Il rappresentante legale di AP 1 ha chiesto una proroga del termine assegnato
che è stata concessa dal Pretore con ordinanza 30 settembre 2020.
5.
In
data 9 ottobre 2020 AP 1 ha presentato un’istanza di limitazione del
procedimento ex art. 125 CPC con cui ha chiesto di limitare il procedimento
alla questione dell’inammissibilità delle domande supercautelare e cautelare
nonché di sospendere il termine per presentare le proprie osservazioni fino
alla decisione sulla prima richiesta. AP 1 ha evidenziato che qualora il
giudice accogliesse la richiesta della parte istante in una decisione cautelare
questa sarebbe in realtà una decisione finale di merito; la petizione andrebbe
così respinta poiché inammissibile, una procedura cautelare non potendo a suo
avviso portare a una decisione finale sul merito.
Con osservazioni 27 ottobre 2020 AO 1, dopo aver rilevato che a suo avviso AP 1
non aveva rispettato il termine assegnatole per presentare osservazioni e che
quindi la causa era matura per il giudizio in via cautelare, ha precisato che
la misura cautelare si imponeva a fronte dell’esigenza di una tutela urgente per
i motivi esposti nella petizione, che in base alla dottrina e alla
giurisprudenza l’esecuzione di una prestazione positiva da parte del convenuto
può senz’altro formare oggetto di un provvedimento cautelare, infine che l’istanza
avversaria costituiva solo il tentativo di rallentare lo svolgimento del
processo.
Con replica spontanea 5 novembre 2020 AP 1 ha osservato da un lato di non aver
presentato osservazioni avendo postulato la sospensione del termine nell’ambito
dell’istanza di limitazione del procedimento, d’altro lato che con la consegna
dei documenti richiesta dalla controparte non veniva soddisfatto un bisogno
anticipato e temporaneo ma un bisogno definitivo che dev’essere oggetto di una
procedura di merito e non cautelare, ciò che rendeva inammissibile la procedura
cautelare.
Con duplica spontanea 13 novembre 2020 AO 1 ha dal canto suo osservato che
un’istanza di limitazione del procedimento non sospende il termine per
presentare delle osservazioni e che quello assegnato alla controparte era pertanto
decorso, nonché ha ribadito i motivi per i quali nulla ostava a che il Pretore
si chinasse sulle richieste oggetto della sua istanza cautelare.
6.
Con decisione 4 gennaio 2021
il Pretore ha accolto l’istanza e, di conseguenza, fatto ordine a AP 1 di far
firmare a Bl__________, e di retrocederli all'istante entro il termine di 15
giorni, i tre documenti annessi alla decisione (doc. U), necessari al
trasferimento di 659 azioni detenute in Sc__________, a AO 1, ovvero il
"Share transfer agreement" in doppia copia, la "notice of
transfer of shares" in doppia copia, e la "Schedule E" in
triplice copia, con la comminatoria dell'art. 292 CPS nei confronti di tutti
gli organi, i direttori, i collaboratori della AP 1 (in particolare Ca__________
__________, __________, e Za__________ __________, __________) nonché con la
comminatoria di una multa disciplinare di fr. 5'000.- giusta l'art. 343 cpv. 1
lett. b CPC e di fr. 1'000.- per ogni giorno di inadempimento giusta l'art. 343
cpv. 1 lett. c CPC nei confronti di AP 1.

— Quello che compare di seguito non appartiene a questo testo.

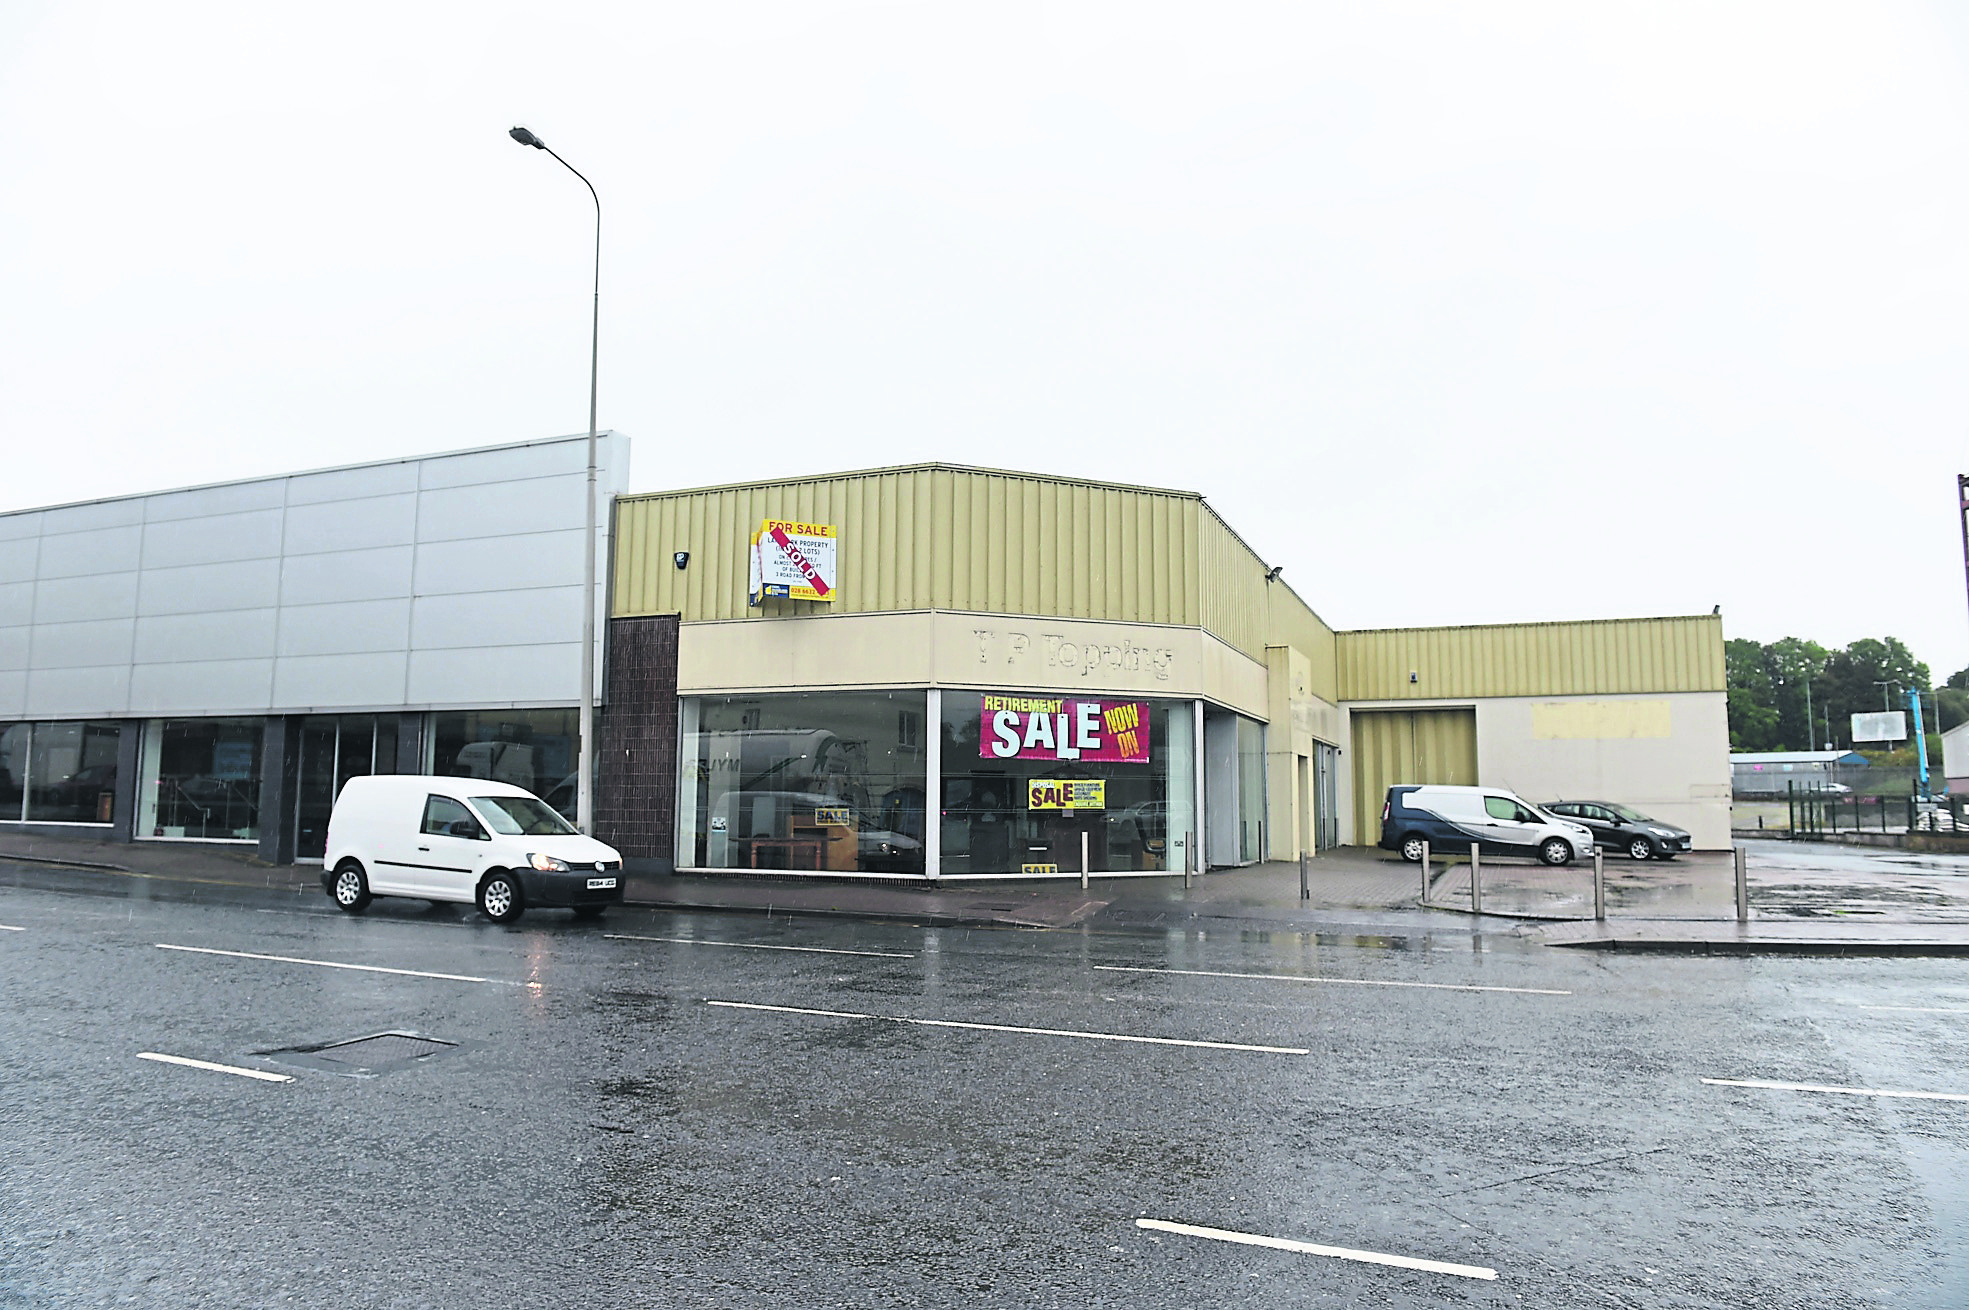 New Enniskillen McDonald's gets Council's green light - The Fermanagh ...

Il primo giudice, con riferimento alla
giurisprudenza del Tribunale federale, ha avantutto ricordato che un
provvedimento cautelare non può di principio essere anticipatorio del merito né
definitivo ma può esserlo in situazioni particolari. La misura cautelare
definitiva, di per sé un’anomalia dal profilo concettuale, va confinata in
situazioni fattuali e/o giuridiche eccezionali, in cui il provvedimento
adottato esaurisce il bisogno di tutela dell’istante tanto che il procedimento
di cognizione diviene privo di interesse degno di protezione. Il Pretore ha
quindi osservato che la scelta processuale di AP 1, volta a sezionare l’oggetto
del litigio, non era corretta, mentre lo era quella di AO 1 volta ad allegare e
dimostrare l’esistenza dell’eccezionalità che giustifica un provvedimento
cautelare definitivo. Parimenti non corretta è stata considerata la
presentazione dell’istanza di limitazione del procedimento senza chiedere una
proroga per presentare osservazioni all’istanza cautelare, dal momento che il
primo giudice non aveva in concreto ritenuto applicabile l’art. 125 CPC, con la
conseguenza che il procedimento era diventato maturo per il giudizio.

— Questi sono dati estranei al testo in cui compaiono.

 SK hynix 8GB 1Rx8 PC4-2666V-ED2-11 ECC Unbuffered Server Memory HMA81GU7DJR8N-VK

Il Pretore ha così esaminato la
documentazione agli atti rilevando che né AO 1 nè Th__________ erano in
possesso delle azioni in quanto depositate a titolo fiduciario presso Bl__________
su istruzione di AP 1 e che era quest’ultima a gestire i contatti e a firmare
per conto di Bl__________ (v. doc. O e Q). A fronte della disdetta del
contratto fiduciario il primo giudice ha considerato fondata su buon diritto la
richiesta dell’istante di rientrare in possesso delle sue azioni (v. art. 404
CO e contratto doc. D, art. 19), vista altresì l’assenza di contestazione da
parte della convenuta, mentre pacifiche alla luce delle circostanze sono state
considerate l’urgenza, la lesione o minaccia di lesione dei diritti
dell’istante, come pure il rischio di pregiudizio difficilmente riparabile. In
conclusione il Pretore ha considerato realizzate le condizioni eccezionali per
adottare una misura cautelare anticipatoria rispetto al merito.
7.
AP 1
ha presentato il 15 gennaio 2021 un appello con richiesta supercautelare di
concessione dell’effetto sospensivo in cui, oltre a postulare l’adozione di
questa misura, ha chiesto in via principale di annullare il primo giudizio, in
via subordinata di annullarlo e rinviare gli atti al Pretore affinché decida
sull’istanza di limitazione del procedimento e di sospensione e, nel caso in cui
queste venissero respinte, le venga assegnato un termine per presentare
osservazioni nel merito dell’istanza di AO 1.
Con risposta 1° febbraio 2021 AO 1 ha chiesto di respingere integralmente
l’appello e di confermare la decisione del Pretore.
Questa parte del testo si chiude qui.